> Exercise prompt
Send back the records exactly as written, with no images.

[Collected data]
□ □ □

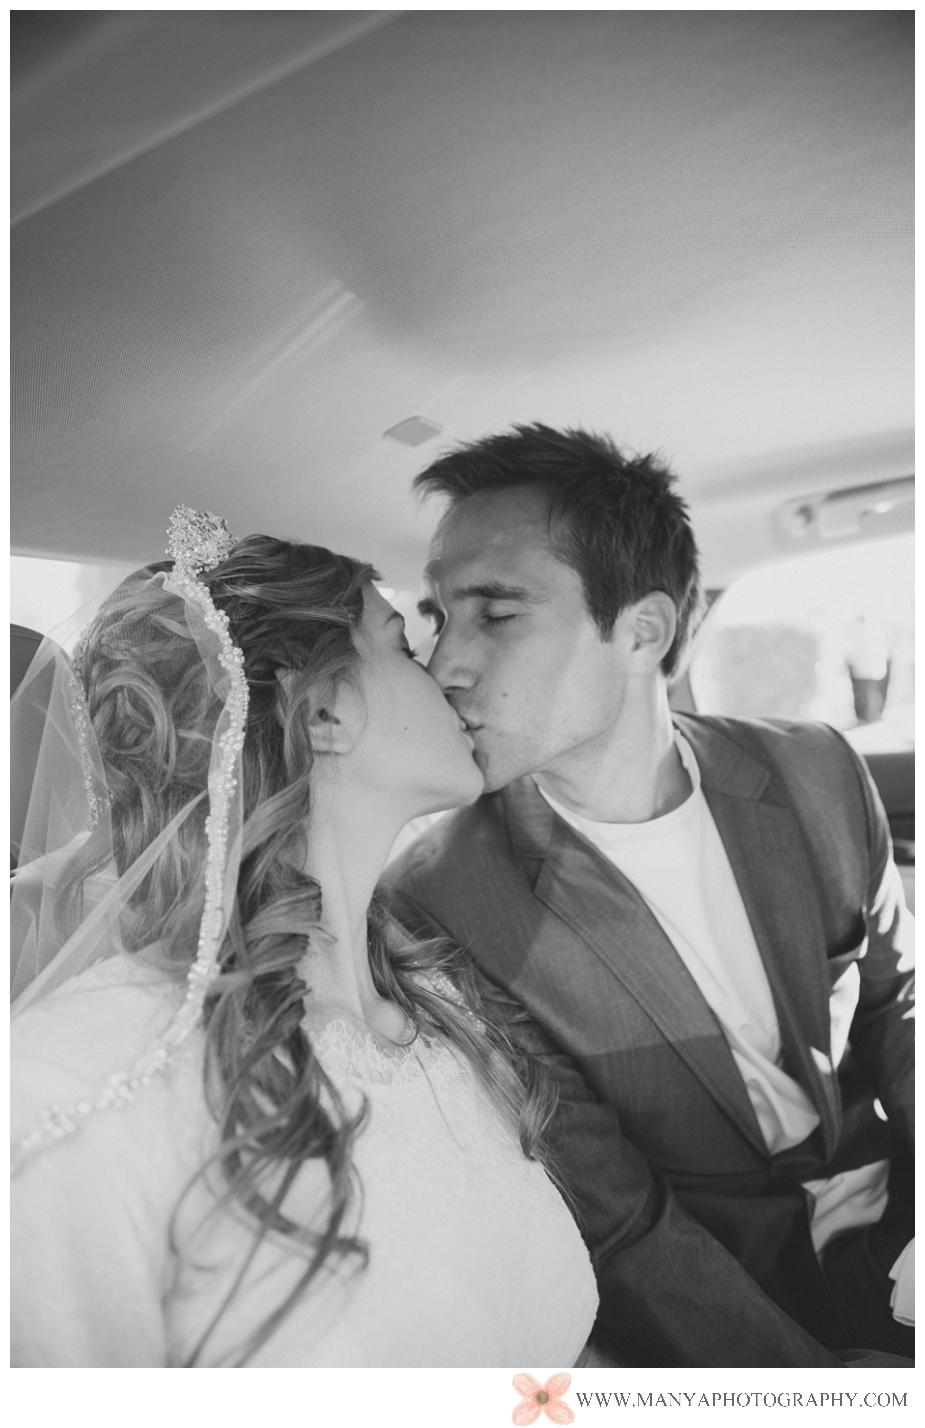 2013-07-23_0019 - Orange County Wedding Photographer
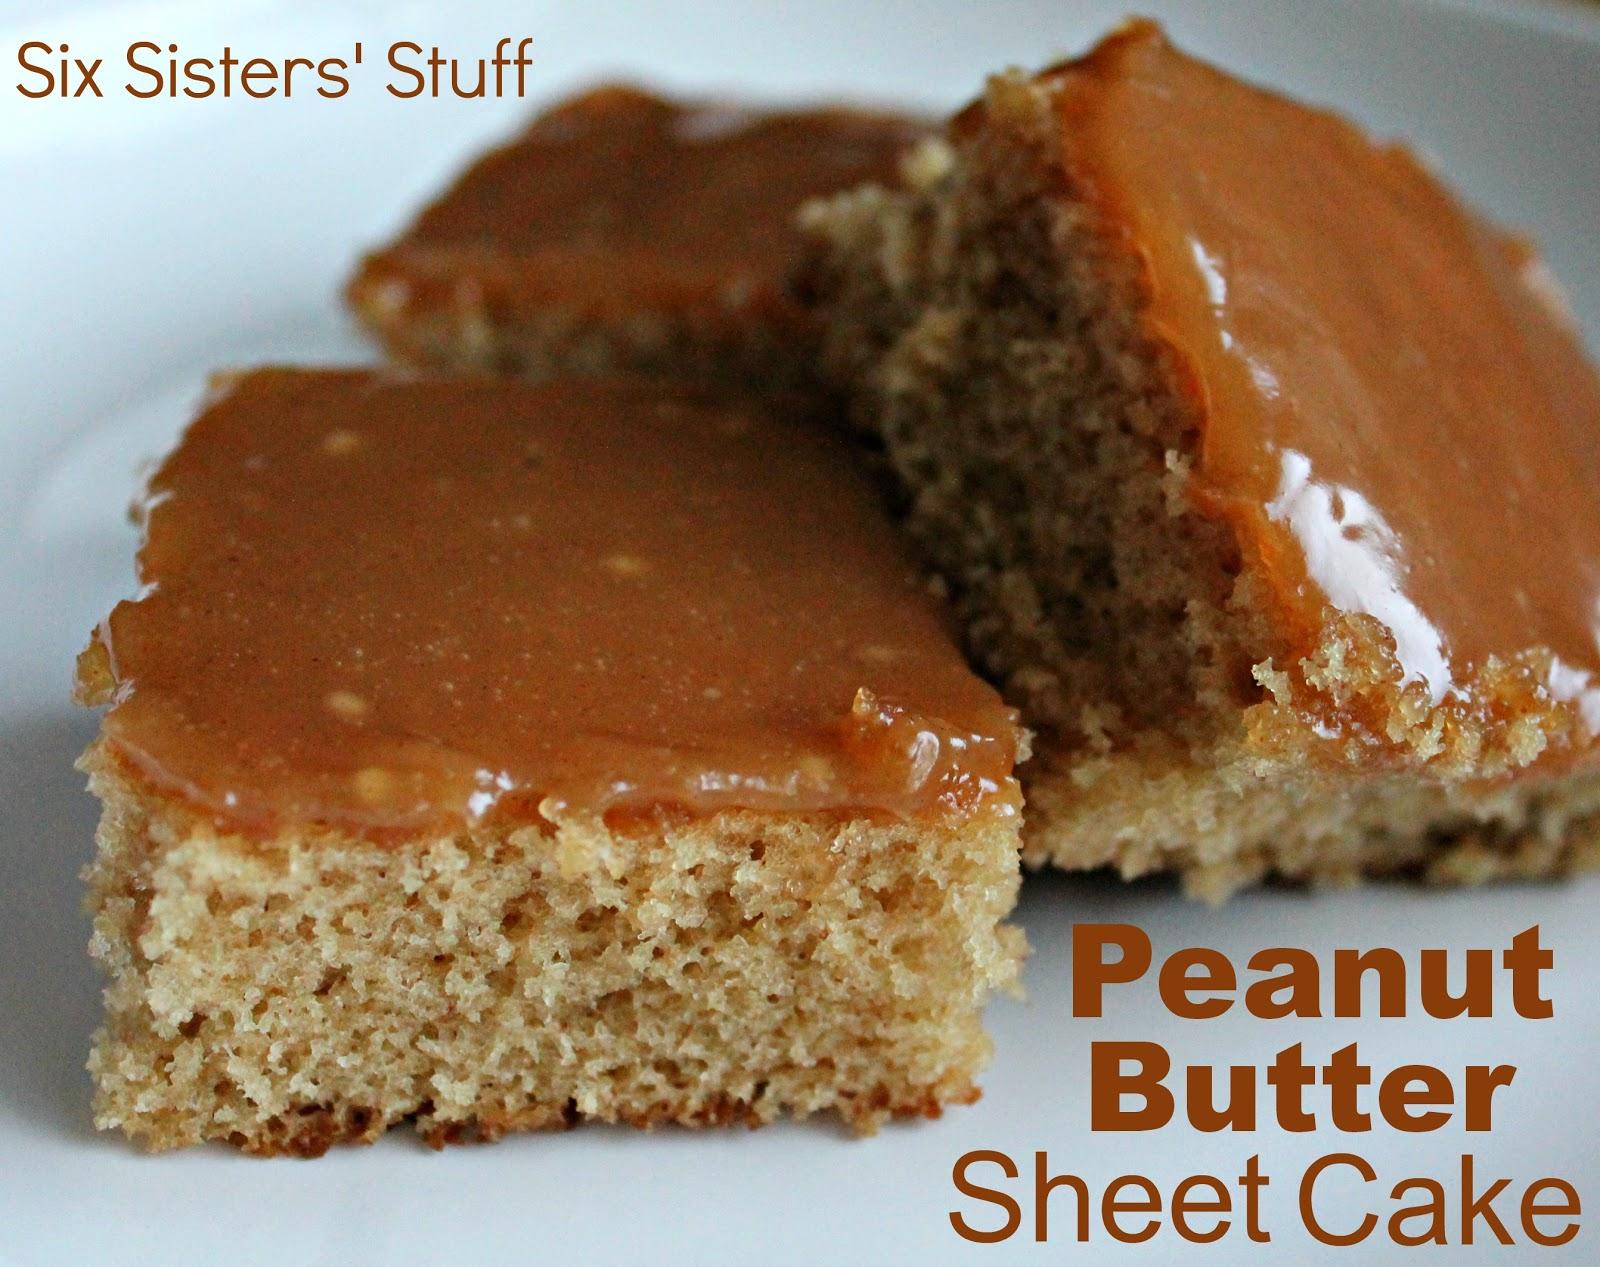 Peanut Butter Sheet Cake | Six Sisters' Stuff
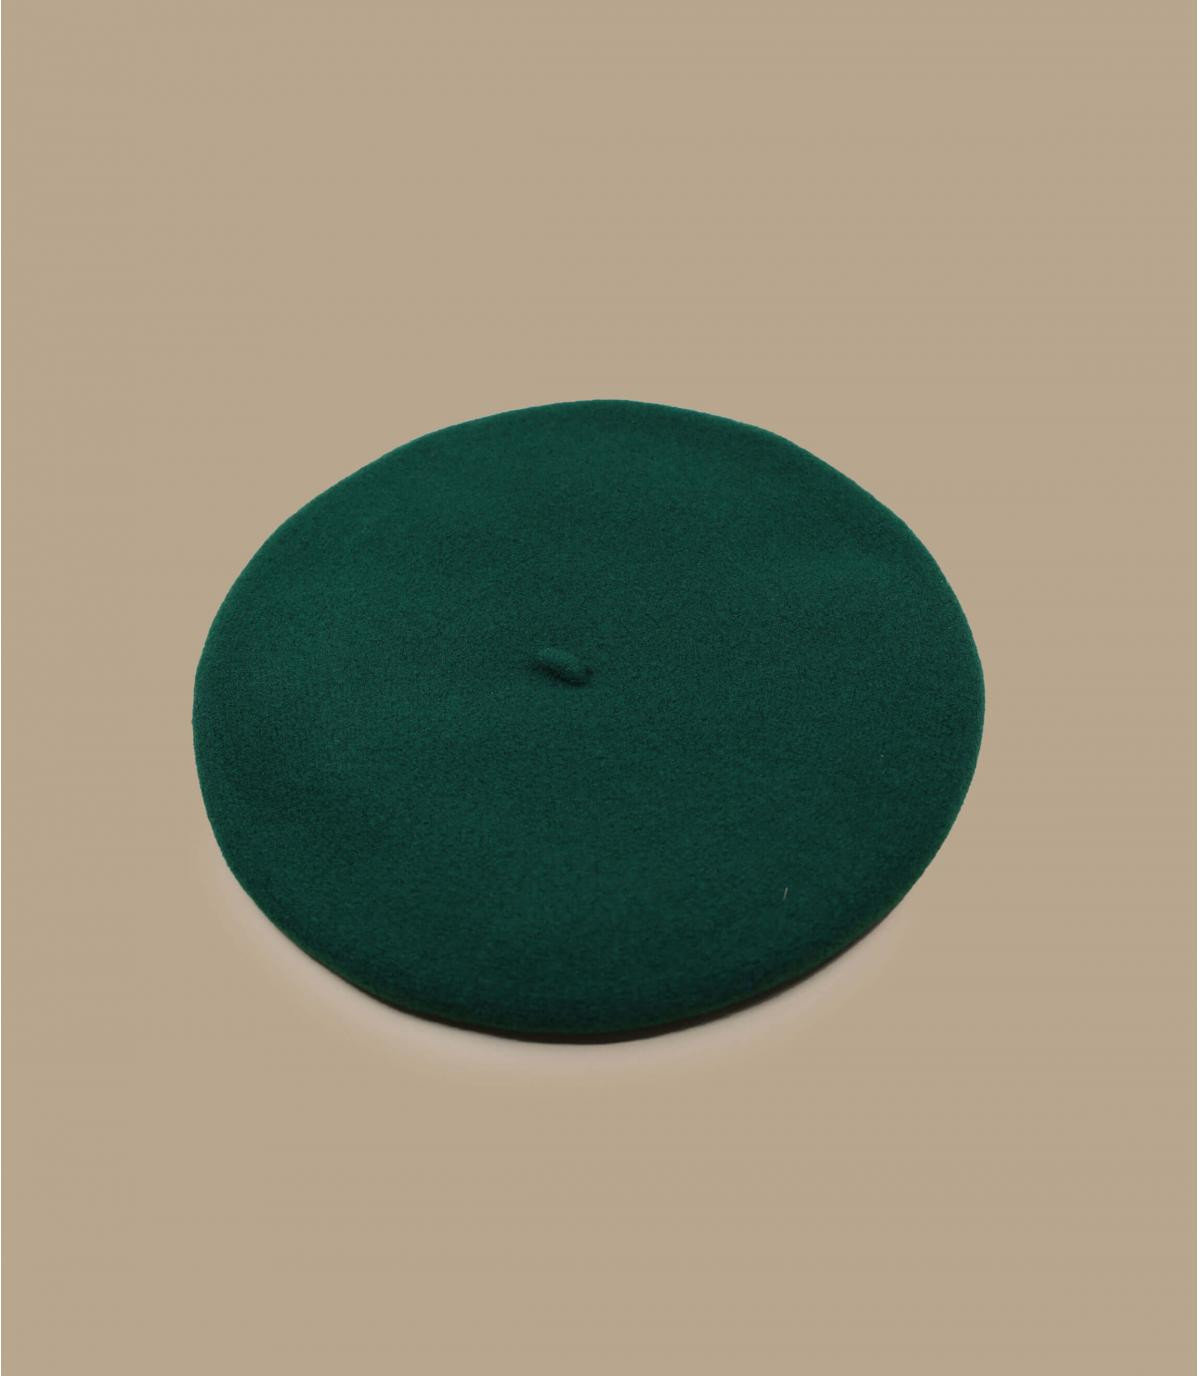 boina verde lana merino
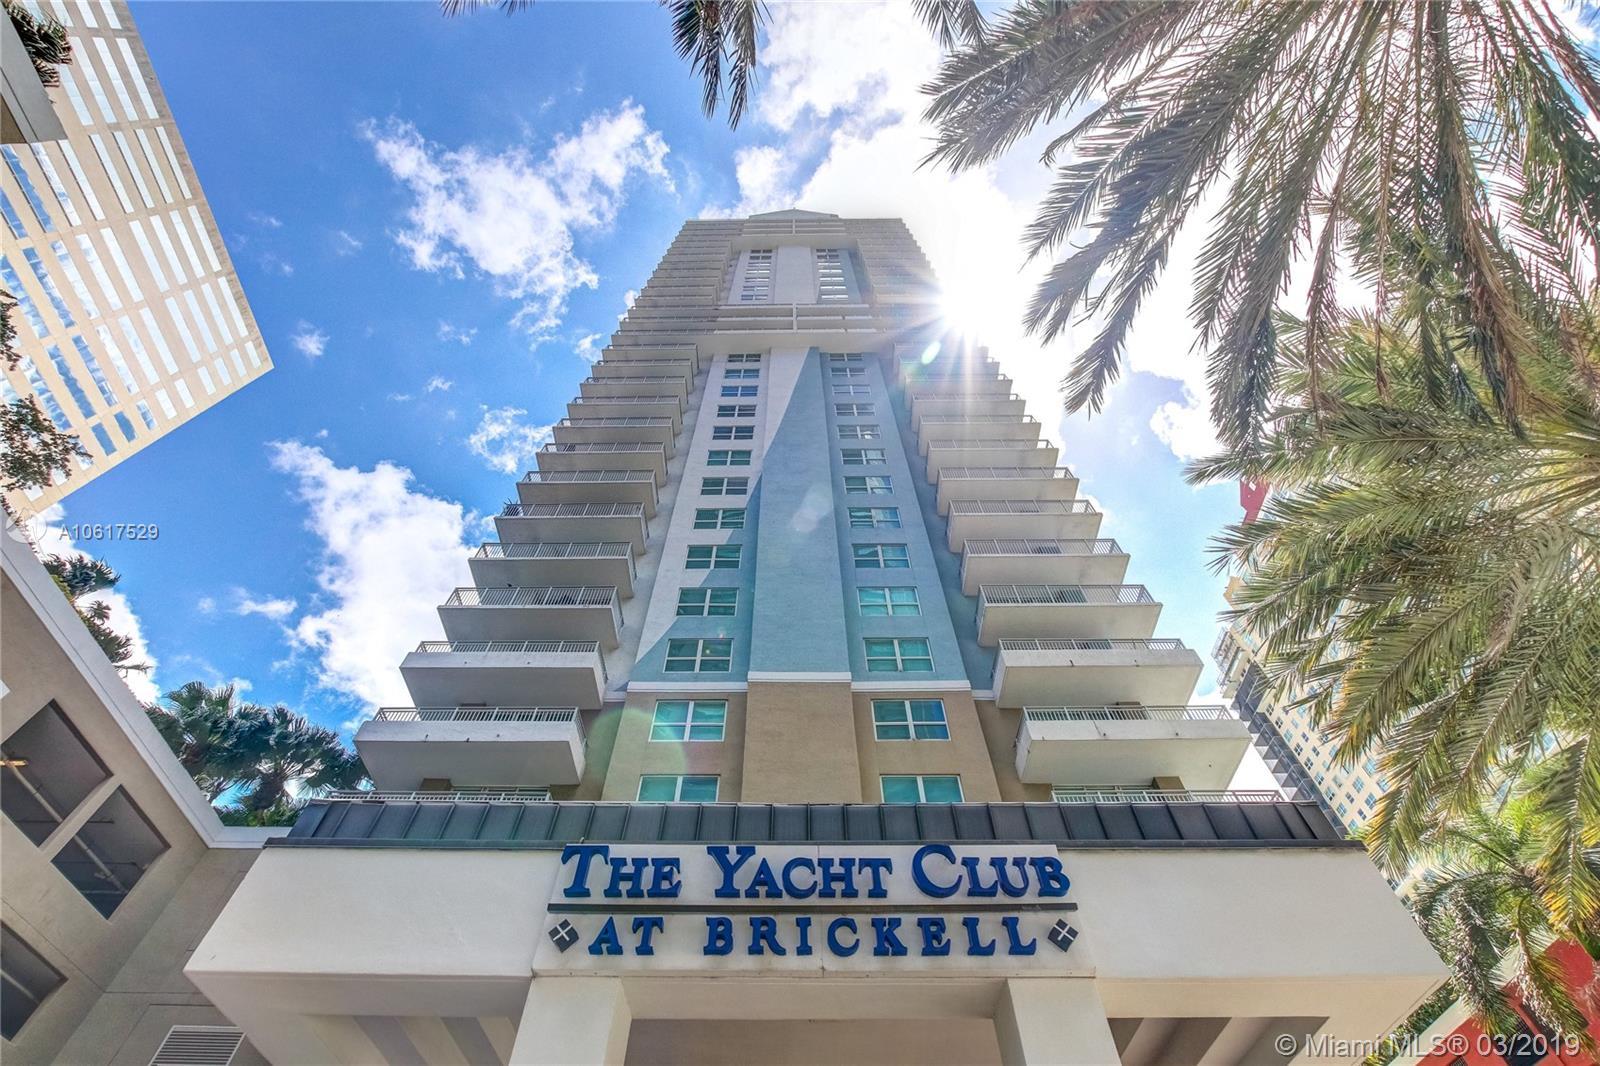 1111 Brickell Bay Dr, Miami, FL 33131, 1111 Brickell #2406, Brickell, Miami A10617529 image #24
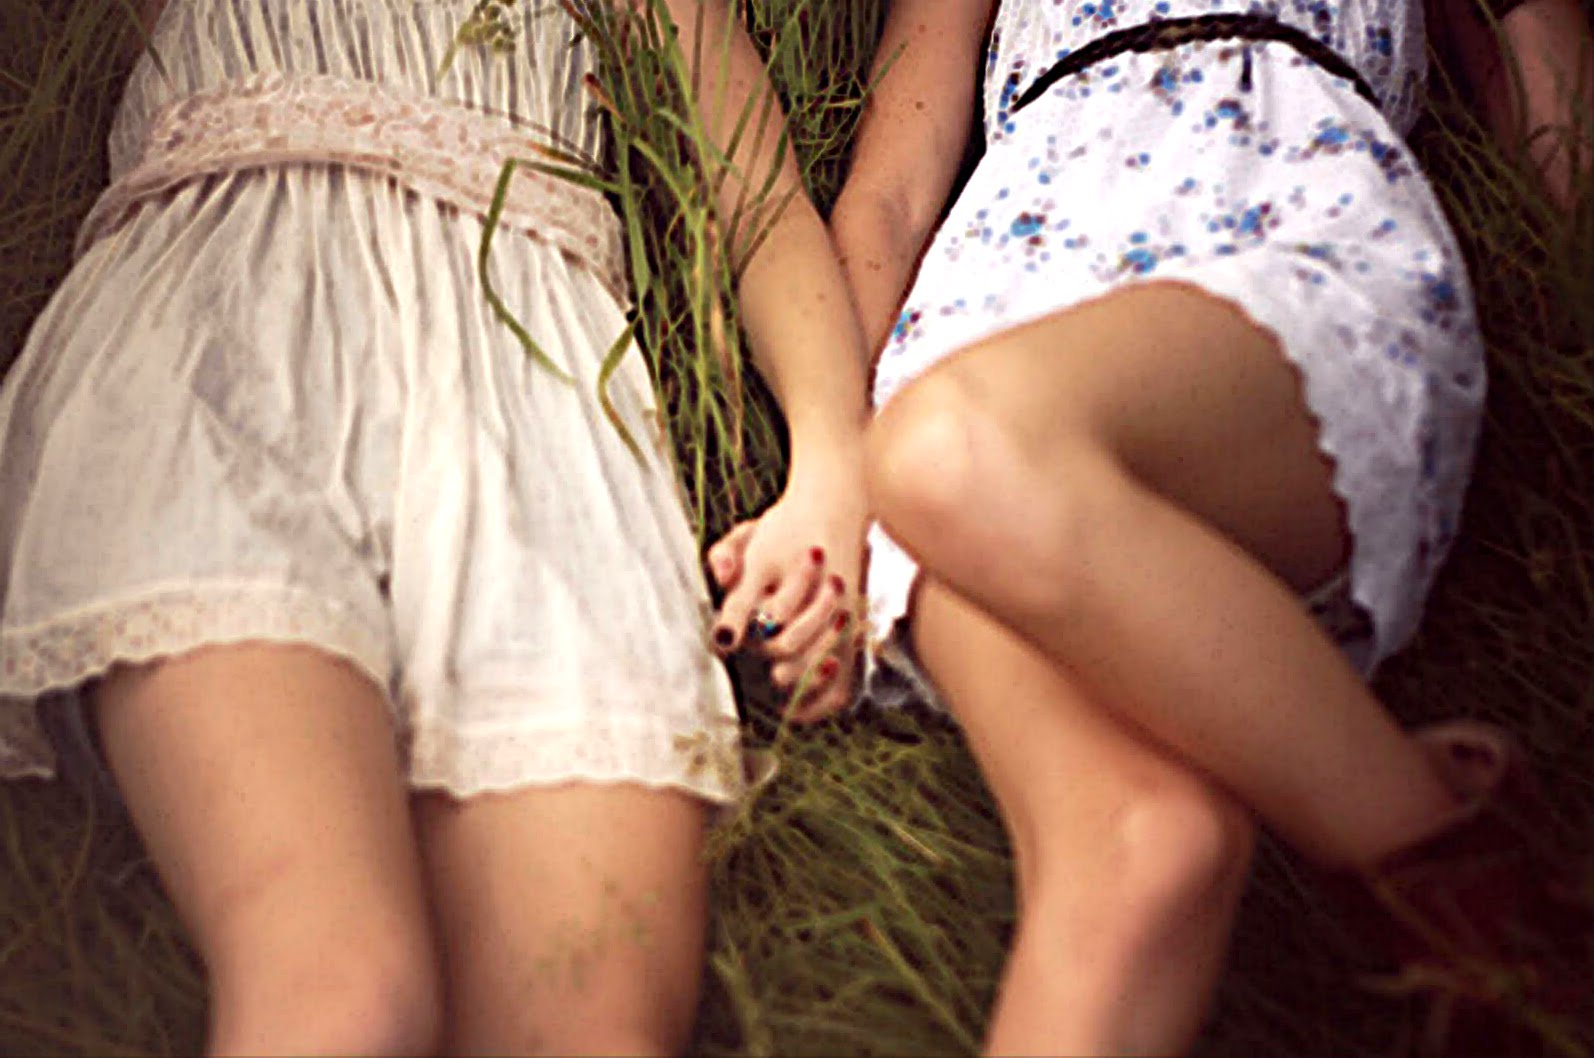 LesbianTeenNovels.jpg

□ □ □

> Written answer
 2013-07-23_0019 - Orange County Wedding Photographer
 Peanut Butter Sheet Cake | Six Sisters' Stuff
 boina verde lana merino
 1111 Brickell Bay Dr, Miami, FL 33131, 1111 Brickell #2406, Brickell, Miami A10617529 image #24
 LesbianTeenNovels.jpg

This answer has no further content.